Abstract:
Communications that are encrypted, such as HTTPS, TLS, and VPN, have become popular tools for ensuring privacy;
yet, they can be used for hiding malicious payloads, making intrusion detection more challenging. This study proposes a
machine learning framework for the classification of malicious encrypted communications using flow-based and temporal
characteristics. Public datasets containing network traffic captures were used for testing and validating the framework.

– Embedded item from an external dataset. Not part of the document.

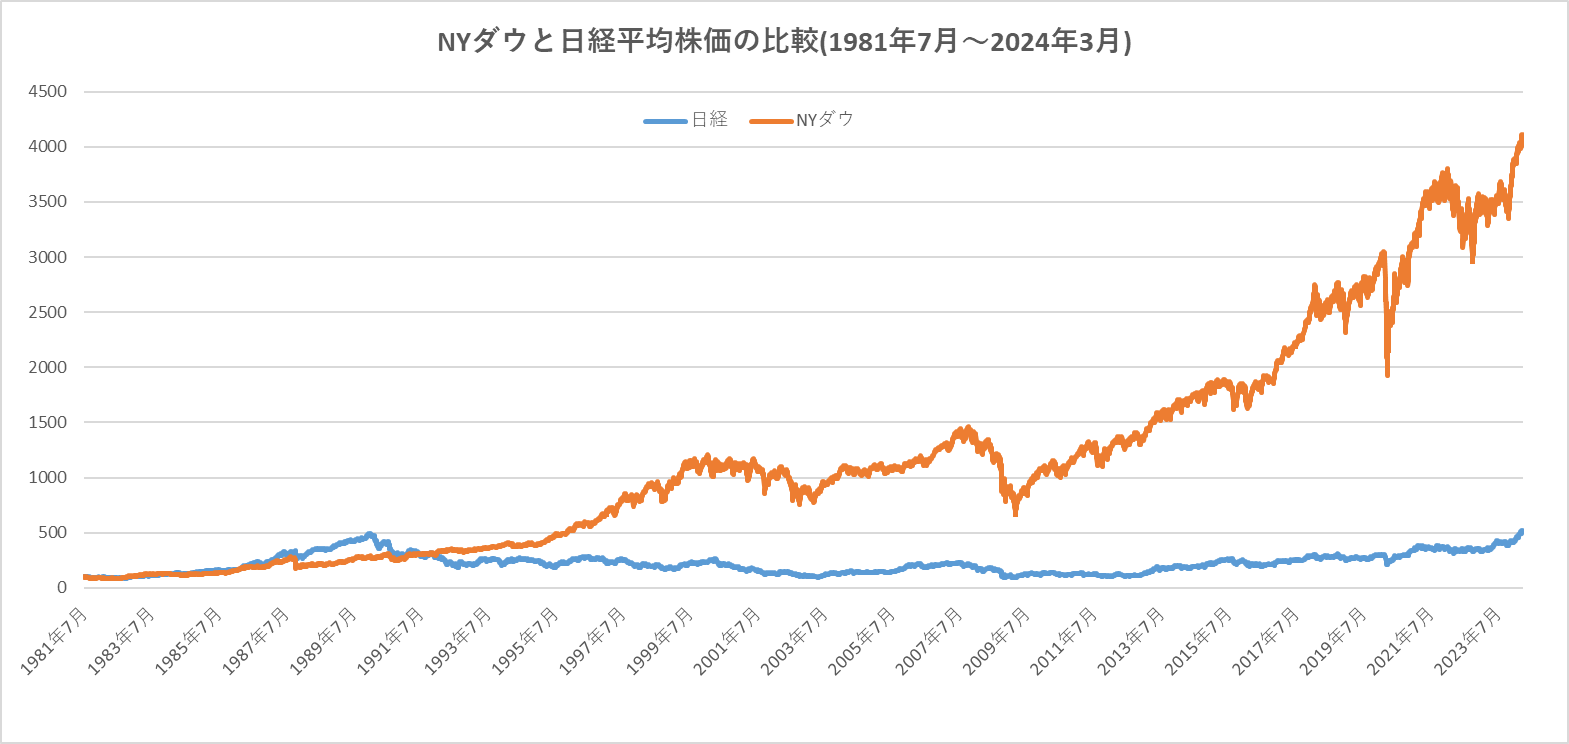 NYダウ(ダウ工業株30種平均)と日経平均の比較（1981年7月から2021年7月）

The benign and malicious flows were converted to flow-based features using Scapy and CICFlowMeter tools. Feature
importance was used to select the most important features for the framework. Three machine learning models were trained
and tested using the datasets: Random Forest, XGBoost, and linear Support Vector Machine (SVM). Stratified train/test
split, cross-validation, and family disjoint were used for testing and validating the models. The Random Forest model
was found to have achieved nearly perfect accuracy for both training and testing sets, approximately 100%, and a high
accuracy of approximately 92% using cross-validation. Overfitting was minimal for the Random Forest model, whereas
XGBoost was found to have overfitting issues and SVM had moderate accuracy, approximately 72%. This study suggests
that the proposed framework can be used for reliably detecting malicious encrypted communications, including those
that were not used in the training process. SHAP was used to analyze the explainability of the framework and identify
the most important flow characteristics that were responsible for the decision-making process. The proposed framework
is computationally efficient and was tested using real-world datasets, making it suitable for practical applications in
network security